5 Revi heidän nähtensä seinään aukko ja mene tavaroinesi siitä ulos.

7 Minä tein niin kuin Herra oli minua käskenyt. Vein päivällä tavarani ulos niin kuin pakkosiirtolainen vie tavaransa, illalla revin käsin seinään aukon, ja kun pimeä tuli, menin tavaroineni siitä ulos ja nostin kantamukseni heidän nähtensä harteilleni.
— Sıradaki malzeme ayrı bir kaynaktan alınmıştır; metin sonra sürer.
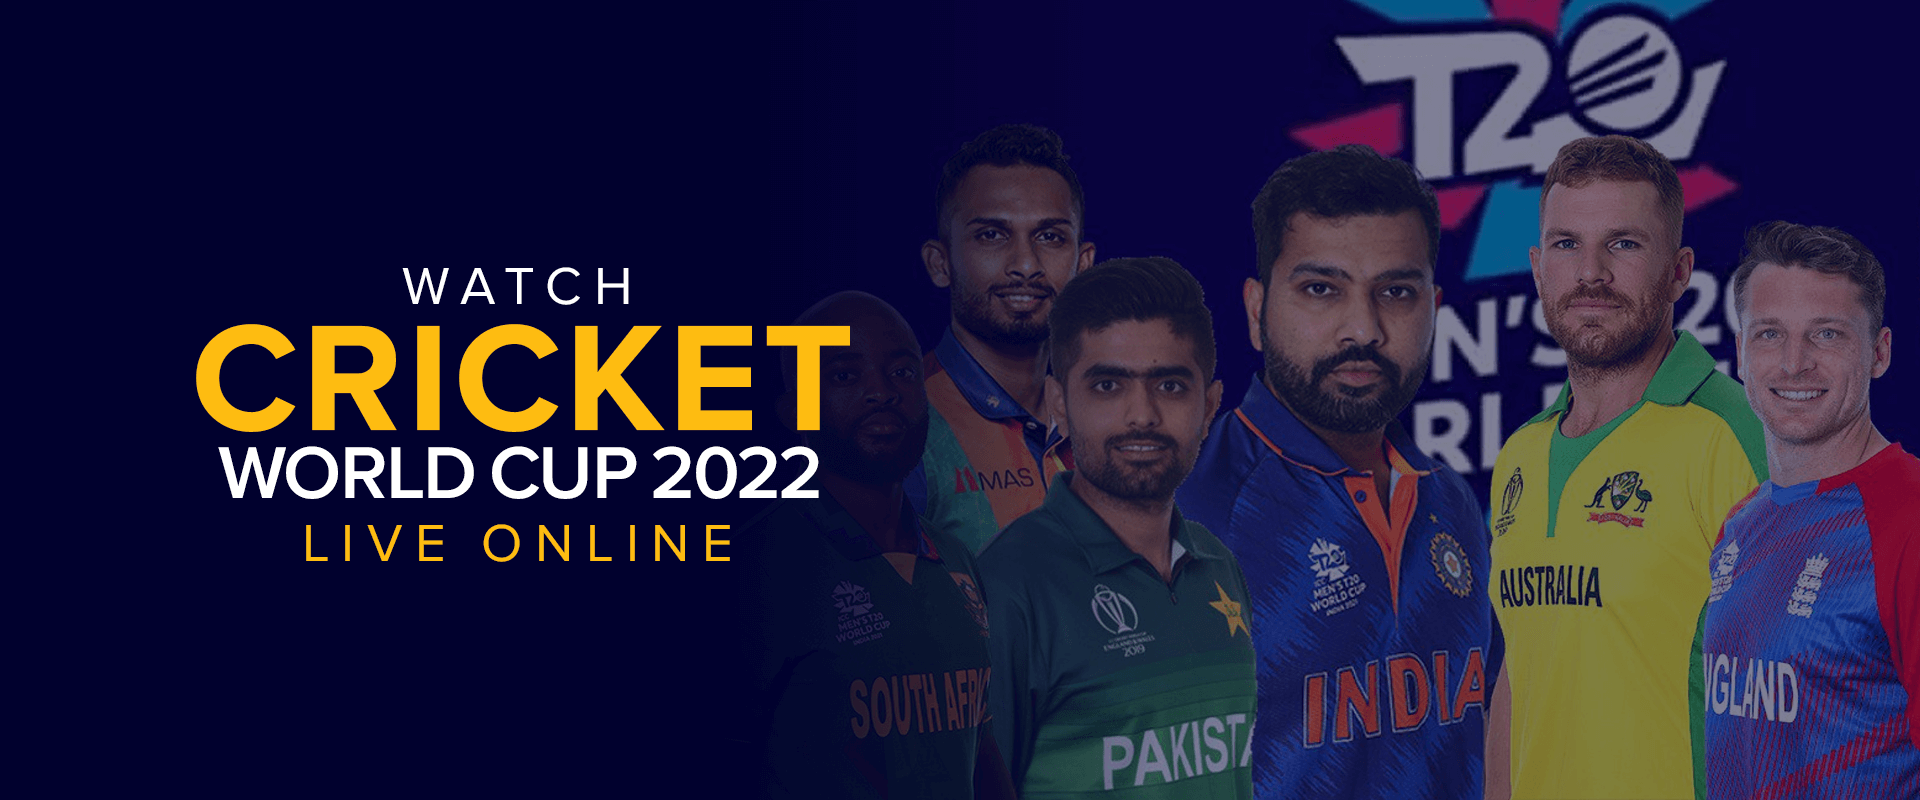 t20 world cup 2022 live watch online

8 Aamulla tuli minulle tämä Herran sana:

10 Sano heille: 'Näin sanoo Herra Jumala: Tämä ennustus on osoitettu ruhtinaalle, joka hallitsee Jerusalemissa, ja kaupungin kaikille israelilaisille.'

11 Sano heille: 'Minä olen teille merkki. Niin kuin minä tein, niin tehdään Jerusalemin asukkaille. Heidät vangitaan ja viedään pakkosiirtolaisuuteen,

12 ja ruhtinas on heidän joukossaan. Kun pimeä tulee, hänkin nostaa kantamuksensa harteilleen ja lähtee. He repivät muuria päästäkseen taakkoineen siitä läpi, ja ruhtinas peittää kasvonsa, jotta ei näkisi maataan.'

14 Kaikki, jotka ovat häntä puolustaneet, hänen seuralaisensa ja sotilaansa, minä hajotan maailman tuuliin, ja minä nostan miekan ajamaan heitä takaa.

15 He tulevat tietämään, että minä olen Herra, kun minä hajotan heidät toisten kansojen sekaan, kun sirotan heidät erilleen muihin maihin.

17 Minulle tuli tämä Herran sana:

19 Sano maanmiehillesi tämä Herran Jumalan sana: 'Näin käy Jerusalemin asukkaiden ja Israelin maan. Vavisten he syövät ruokansa, kauhun vallassa he juovat juotavansa. Perin pohjin hävitetään heidän maansa sen asukkaiden veritekojen tähden.

21 Ja minulle tuli tämä Herran sana:

23 Sen tähden sano heille: 'Näin sanoo Herra Jumala: Minä teen lopun tästä sananparresta, sitä ei Israelissa enää lausuta.' Sano sinä heille toisin: 'Aika tulee, näky käy toteen.'

24 Enää ei Israelissa nähdä näkyä, joka ei toteudu, ei ennusmerkkiä, joka ei täyty.